Slinging through Manhattan was a disaster; the minimum FPS would suddenly tank to 30, making the game feel like a slideshow, which was honestly laughable. The default memory mode on the MSI PRO B760M-A was choking on the massive amount of city assets, with bandwidth utilization hitting 90%, leaving the CPU idling for data. I tried enabling every 'performance boost' setting in the drivers, but that just pushed my GPU to 80℃ without gaining a single frame—a complete exercise in futility. I went into the BIOS and forced the memory controller from Gear 2 to Gear 1, then dialed the RAM frequency to 3200MHz. In RivaTuner, the 1% lows jumped from 30 FPS back up to 52 FPS, making the swinging feel fluid. I did struggle with a couple of memory training failures after switching to Gear 1, but bumping the RAM voltage from 1.35V to 1.38V sorted it out. The motherboard core temp is now 45 - 52℃ and memory latency dropped to 62 - 68ns. Exported frame time logs show the fans are humming along steadily at 1400 - 1600RPM. Last updated onMarch 11, 2026 10:14 AM.

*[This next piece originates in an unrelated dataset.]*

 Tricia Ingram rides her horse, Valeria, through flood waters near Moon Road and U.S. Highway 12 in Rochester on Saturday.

This drive was testing my patience; every time the game switched turns, it felt like I was watching a slideshow. Once the TiPro9000's SLC dynamic cache fills up, the write speed plummets from 7000MB/s to under 900MB/s, leaving the system in a brutal I/O wait state for 0.8-1.5 seconds. In a moment of desperation, I tried moving the game to a RAM disk, but I just ran out of memory and got a BSOD—definitely don't do that. Instead, I went into Device Manager and bumped the NVMe controller queue depth from 1024 to 2048 and enabled the forced write cache flush policy. In CrystalDiskMark, my 4K random reads jumped from 48-55MB/s to 65-72MB/s, and the turn-switching stutter felt about 50% better. I had some file corruption errors right after changing the queue depth, but that stopped once I disabled my real-time antivirus. Drive temps are now 45-58℃ and fans are humming at 1400-1600RPM. Last updated onMarch 8, 2026 9:47 AM.

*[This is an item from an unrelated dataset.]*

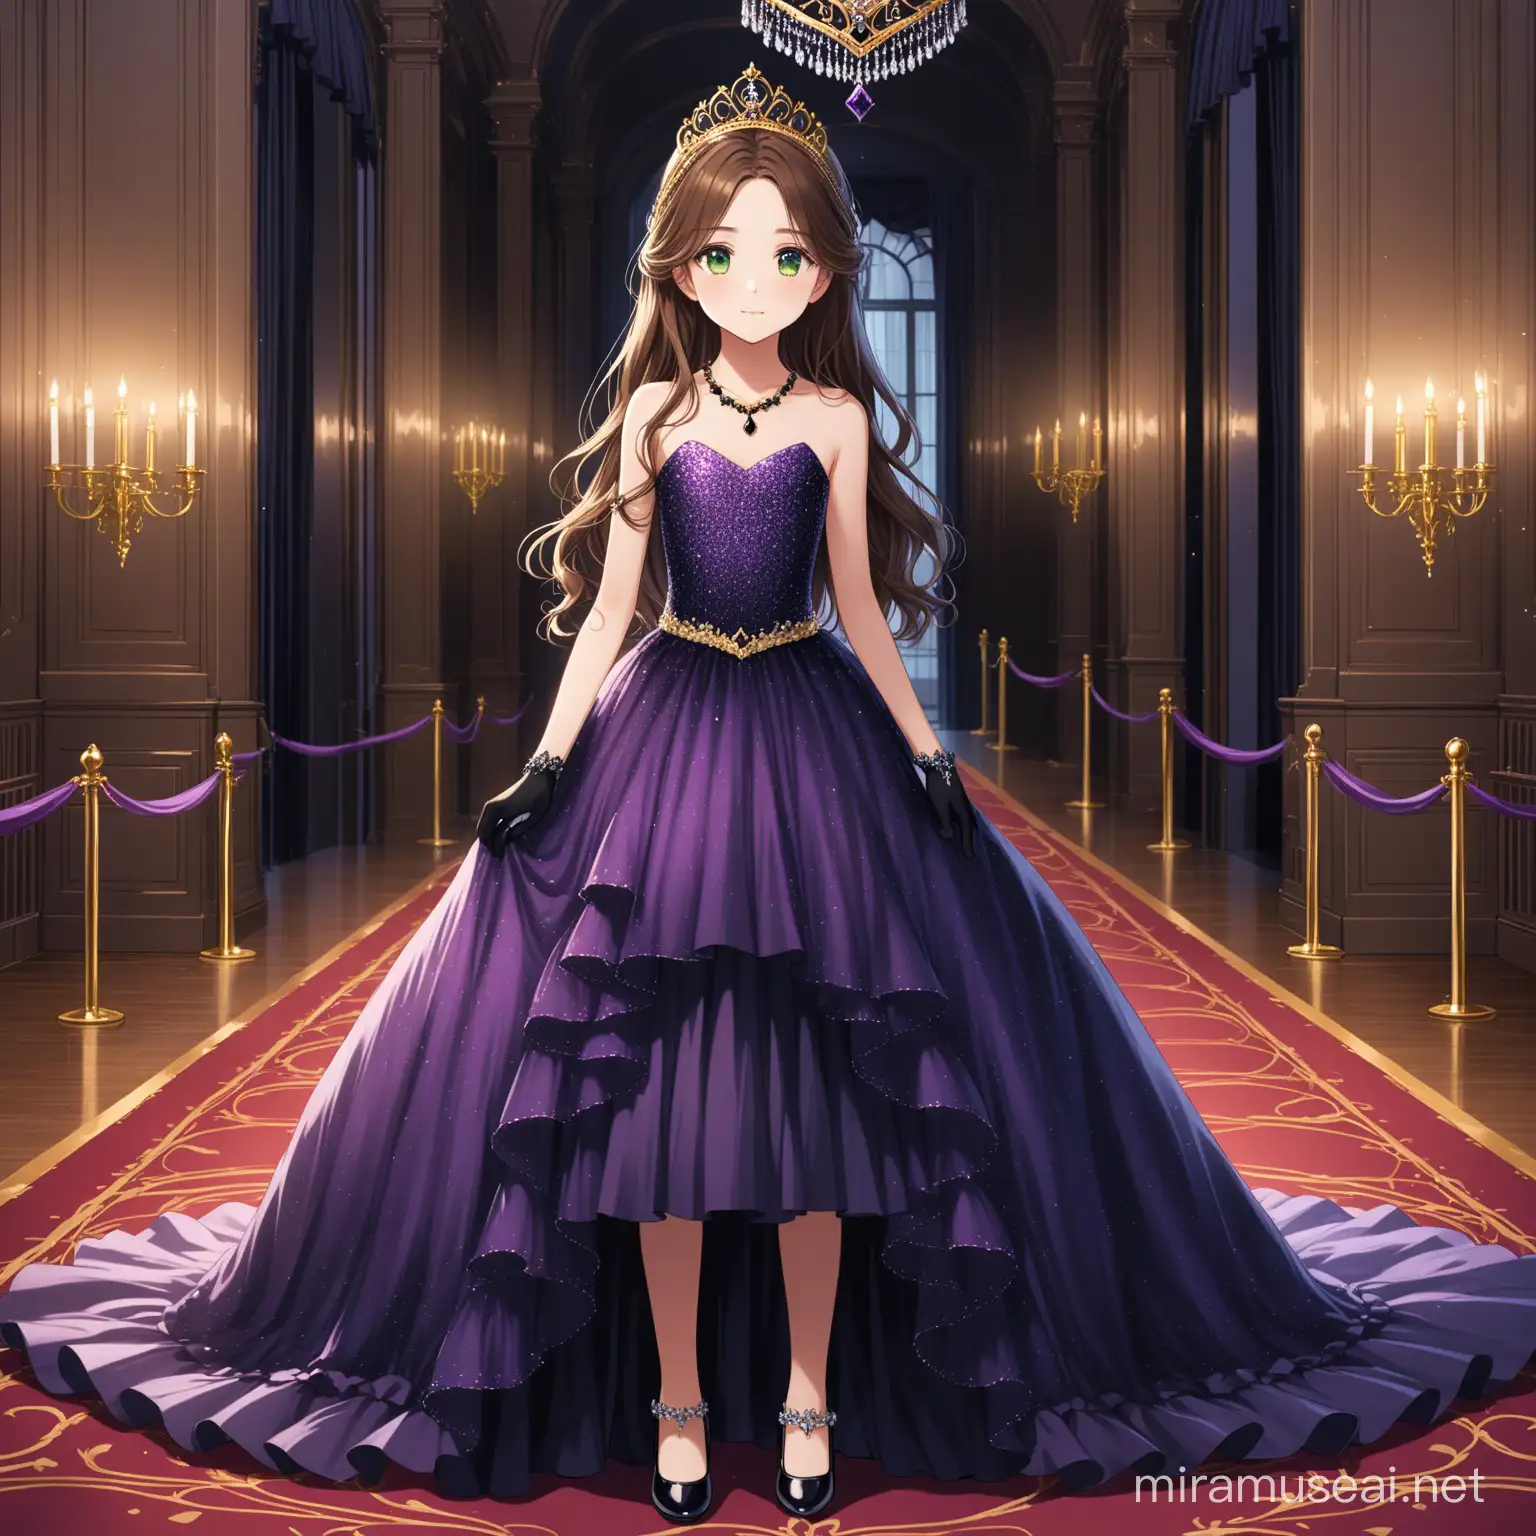 11 year old girl, long flowy brown hair, gold tiara, purple ball gown with a ribbon, black dainty shoes, black evening gloves, black necklace, grand mansion, green eyes, dark blue gloves,

This game eats RAM like a black hole. I'd be riding along and the road would suddenly turn pitch black before popping back in. My Kingston 16GB DDR4 2666 was pinned between 14.8-15.5GB, and the second it hit the ceiling, the FPS tanked. I tried dropping the settings to Medium, but the game looked like a pixelated mess—absolute torture for the eyes. Instead, I went into system settings and locked the virtual memory (page file) at 32GB and dialed the texture quality from Ultra down to High. Using Resource Monitor, I saw memory usage stabilize between 12.1-13.2GB, and the texture flickering vanished. Weirdly, my boot time slowed down by 3 seconds after the change until I disabled Fast Startup in Windows. CPU temps stayed around 62-68℃ with fans at 1300 RPM. I exported the memory curves to verify, and fan speeds stayed steady at 1300-1400RPM. It's a band-aid fix, but it works. Last updated onFebruary 21, 2026 4:24 PM.

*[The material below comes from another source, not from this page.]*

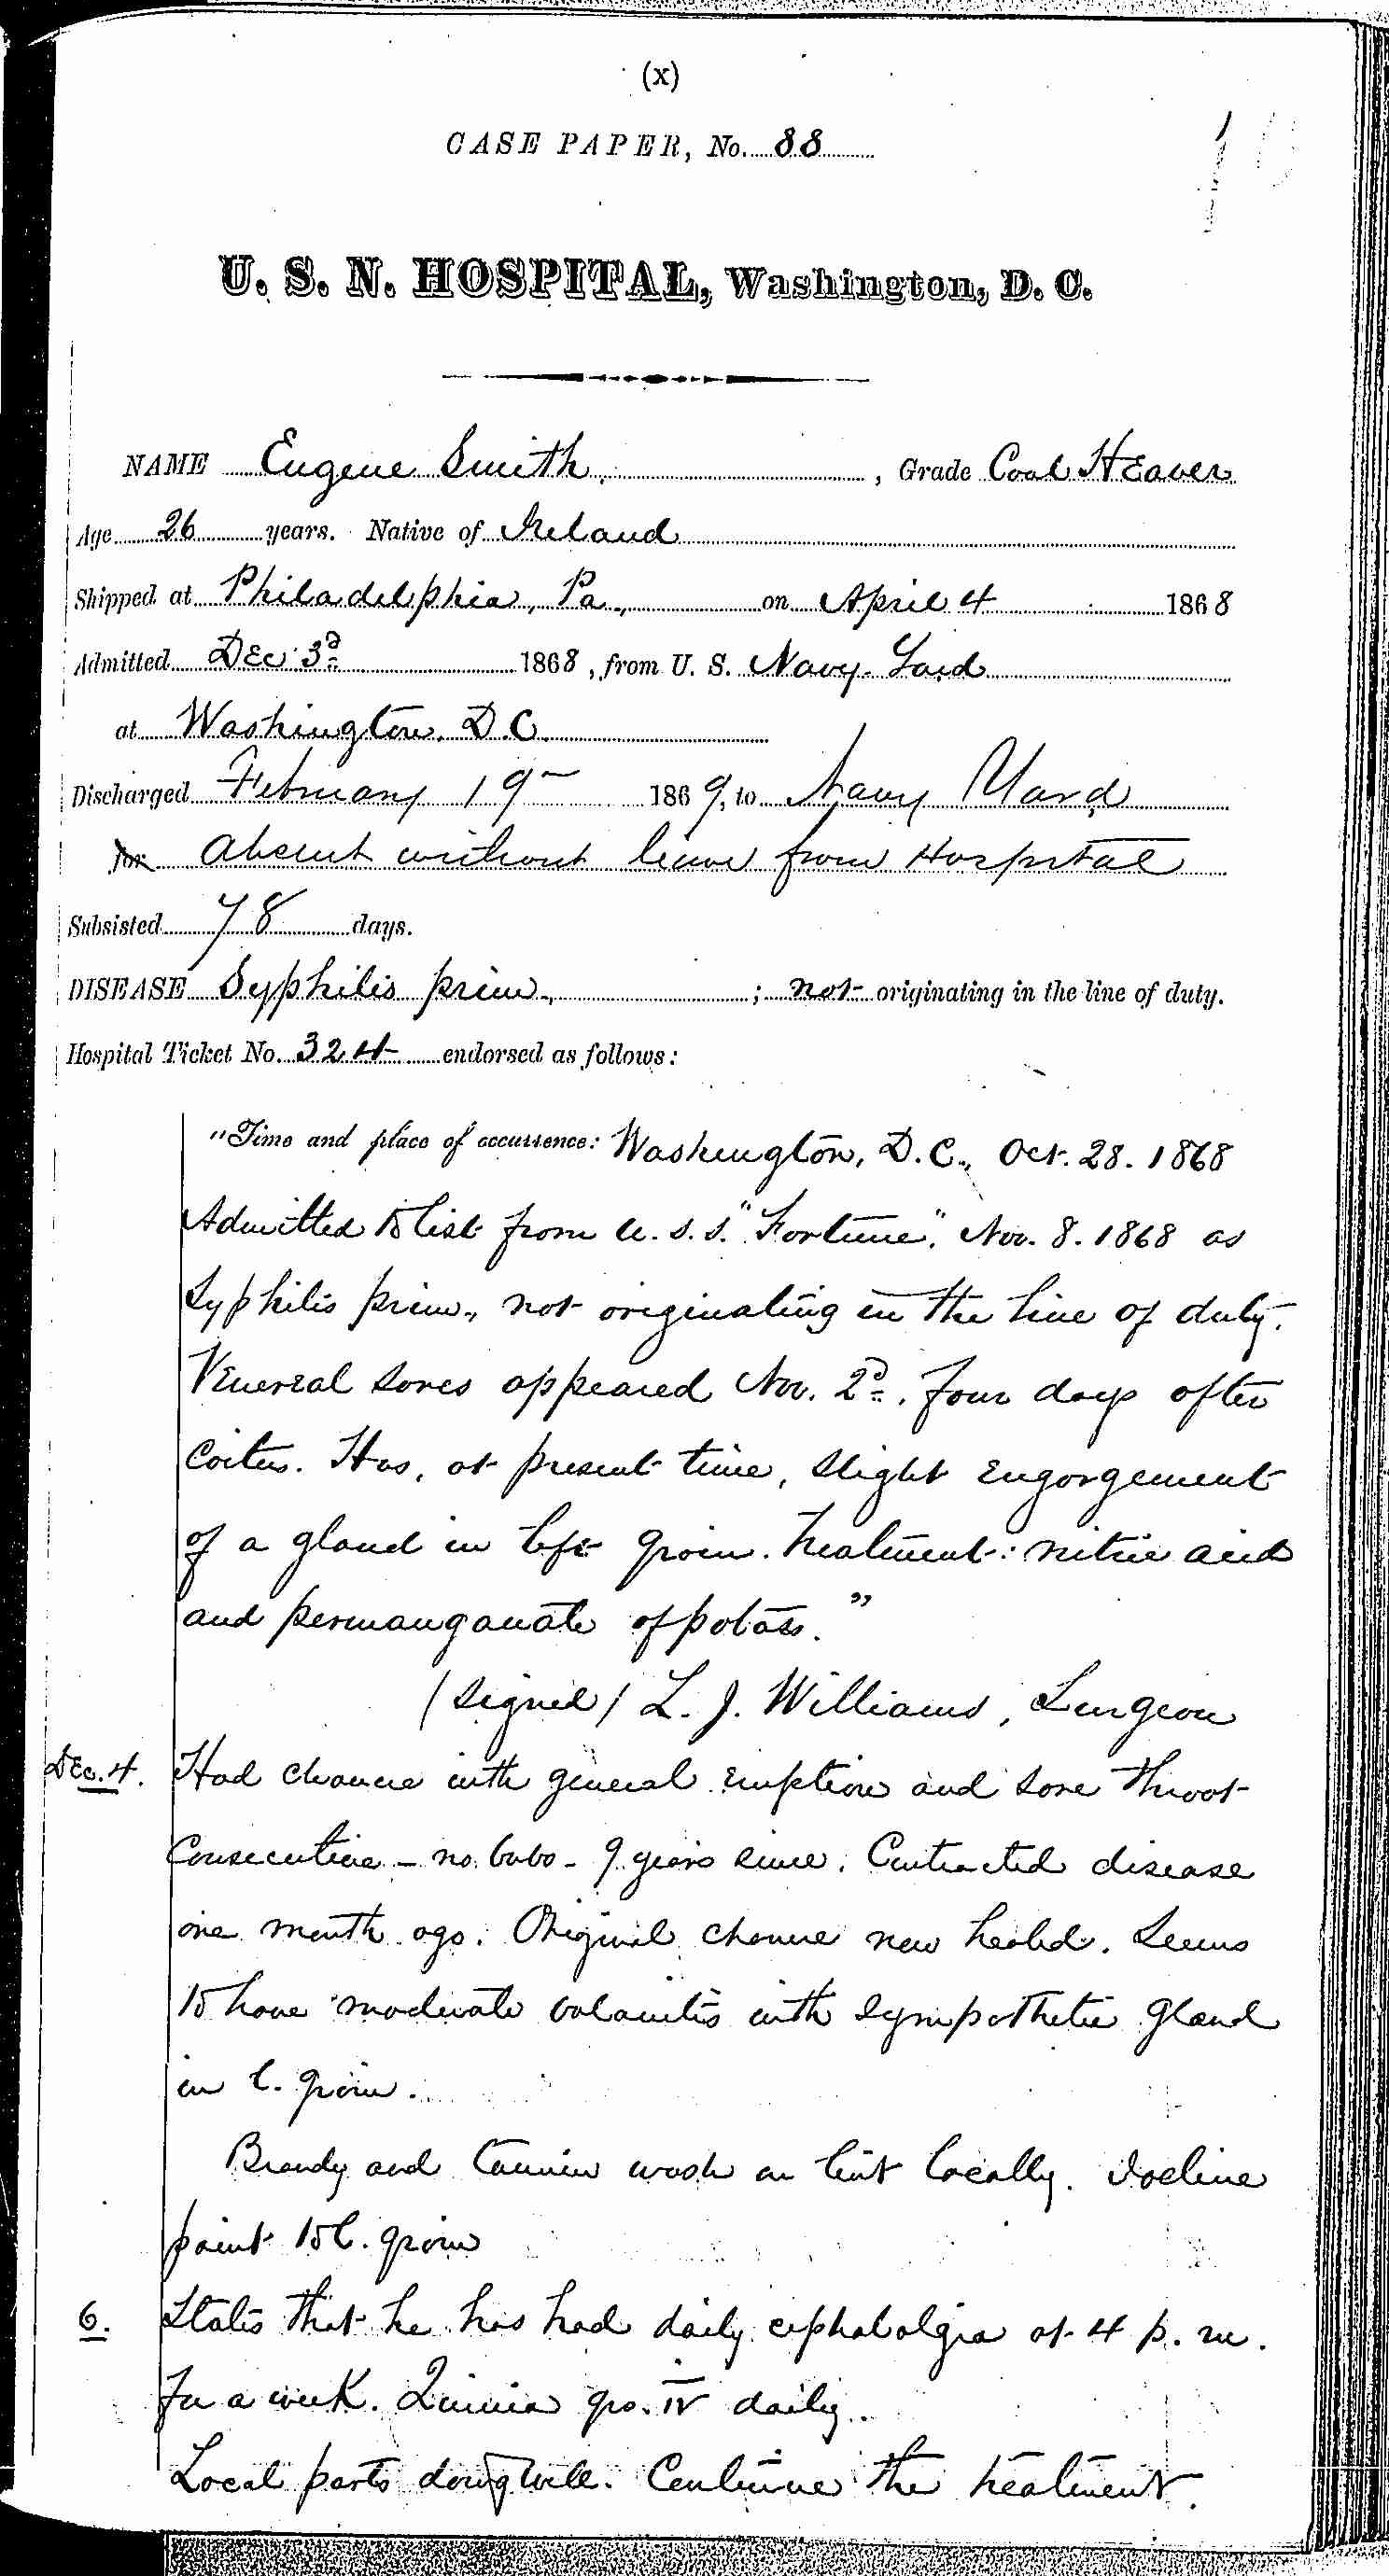 Entry for Eugene Smith (page 1 of 6) in the log Hospital Tickets and Case Papers - Naval Hospital - Washington, D.C. - 1868-69

With these high-res mods, 8GB of VRAM is honestly a joke; the memory pressure is just ridiculous. Once the Gigabyte RTX 5060 hits 7.5GB, the system starts aggressively swapping to system RAM, and my frame rate collapses from 60 FPS to a pathetic 12-18 FPS—it literally looks like a slideshow. I tried setting Power Management to 'Prefer Maximum Performance' in the NVIDIA Control Panel, but that just spiked my temps to 82℃ without adding a single frame, which was just absurd. I eventually forced the Windows page file to 32GB via the registry and dropped the texture filtering from 16x to 4x. RivaTuner showed frame time spikes of 80-120ms finally settling into a 25-35ms range. I noticed the system took an extra 5 seconds to boot after the page file change, but that was fixed once I moved the file to my NVMe SSD. VRAM usage now hovers between 7.2-7.8GB with a stable 2500MHz core clock. Exported timestamps confirm frame generation is now steady at 25-35ms. Last updated onMarch 3, 2026 10:10 PM.
The way this game munches through RAM is just ridiculous; 16GB feels like a joke here. When loading massive terrain assets, the Trident Z kit would hit 15.4GB instantly, putting the system into a severe I/O wait for 0.5-1.2 seconds, which just froze the screen. I tried closing every single background app, but other than making my chat apps useless, the stuttering barely changed—the optimization is just laughable. I went into advanced system settings, changed the processor scheduling to prioritize background services, and manually locked the page file write speed. In RivaTuner, the frame time spikes of 20-110ms finally settled into a more reasonable 15-28ms. I did run into some nasty audio tearing after the first tweak, which I only fixed by dropping the audio sample rate from 192kHz back to 48kHz. RAM temps stayed between 45-52℃. Used the internal profiler to export the logs, and the scheduling parameters are now solid. Last updated onMarch 9, 2026 7:01 PM.